By James Howard Kunstler
on June 1, 2009 7:21 AM
The dollar was up to its armpits in quicksand, and oil prices had crept stealthily into the death-to-airlines range, and if, in the old slogan, what's good for General Motors really is good for the USA, then destiny was dealing a harsh lesson to The Land of the Free -- while I made a drive on Thursday (in a Japanese rent-a-car) through the remotest ends of upstate New York State into the province of Ontario, Canada, to see what I could see. What I saw was pretty scary.
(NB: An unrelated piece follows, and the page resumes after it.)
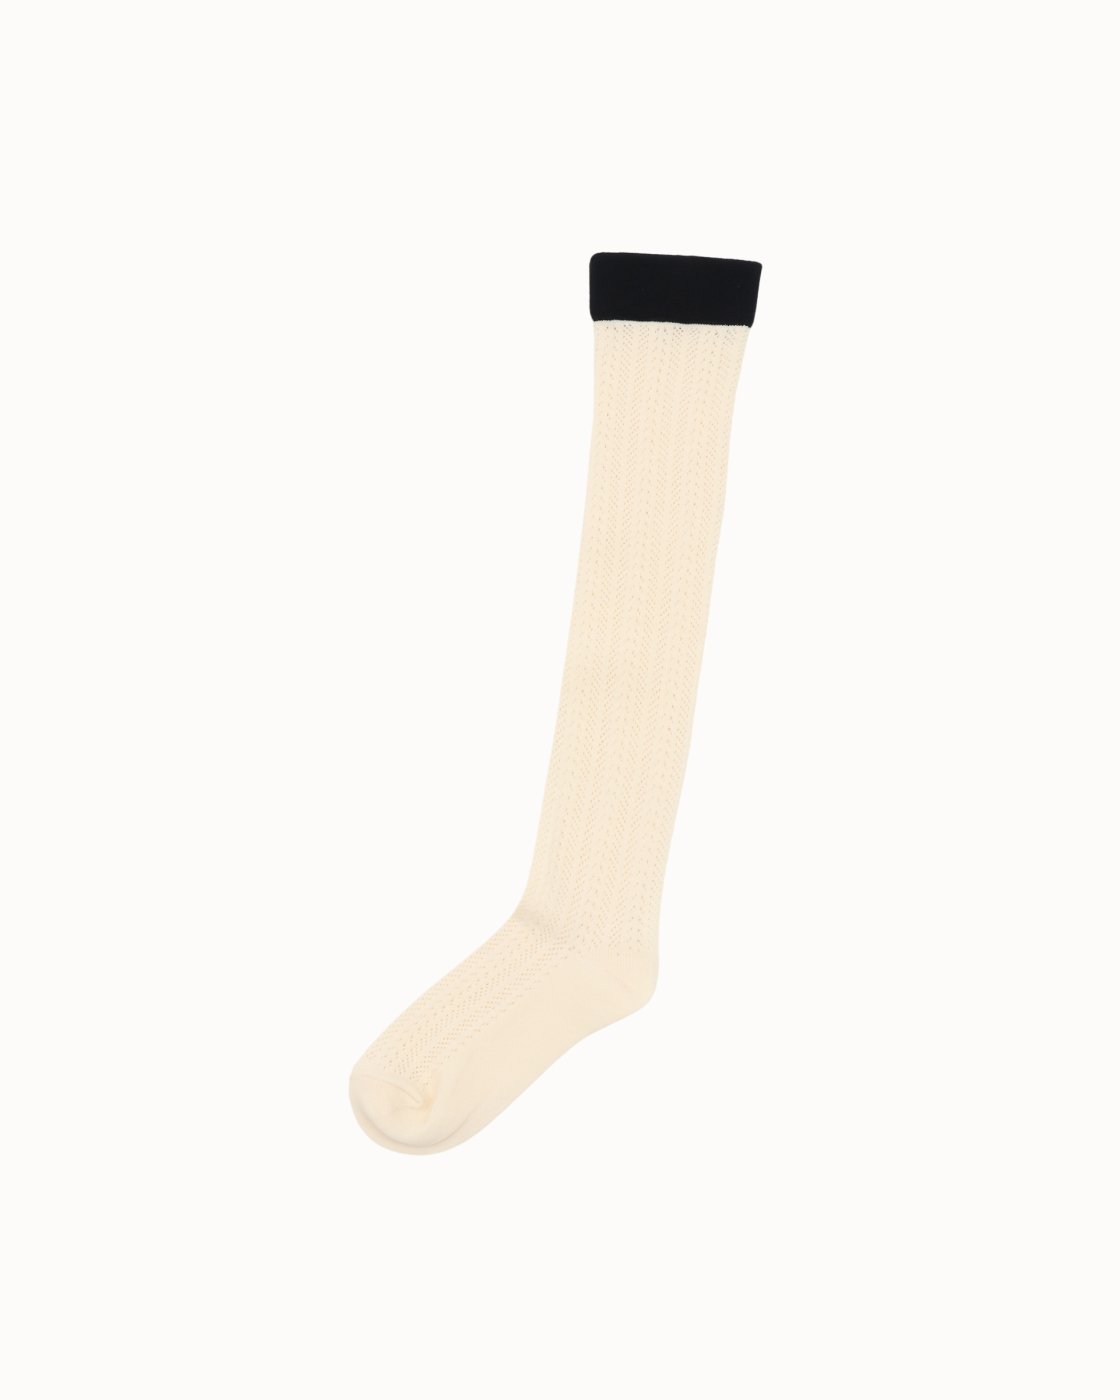 leur logette - Stripe Mesh Socks - Off White

You get into these far reaches of upstate New York and your senses report that you have entered something like an HP Lovecraft story, where the sun comes up twenty minutes late, and the magnetic poles are not where they're supposed to be, and the few remaining denizens of the towns all have eleven fingers.... Even though I've seen plenty of desolation like it in other parts of the country -- the back roads of Ohio, the Mississippi River towns of the upper Midwest, the morbid stretch of blue highway between Memphis and Little Rock -- I've never encountered a landscape so shattered by the mere ravages of economic fate.
The most striking feature is how all the things once so "modern," all the roadside business enterprises designed along "space age" motifs -- the car dealerships with boomerang-shaped signs, the rocket-ship-style food huts, the schools that look like atomic power installations -- all teeter now in sublime decrepitude. The reversal of spirit from childlike exuberance of the 1960s to the senile sclerosis of today said everything about where America is at. Much of what existed before the space age is not even there anymore, bulldozed decades ago in our haste to erase pre-drive-in living, as if it branded us a lower life-form than, say, our arch-enemy, the Soviets. I've wondered for many years what Modernism would be like when time finally passed it by, when it was no longer the sole thing it declared itself to be, up-to-date -- and there it was smeared all over the landscape like so much road kill.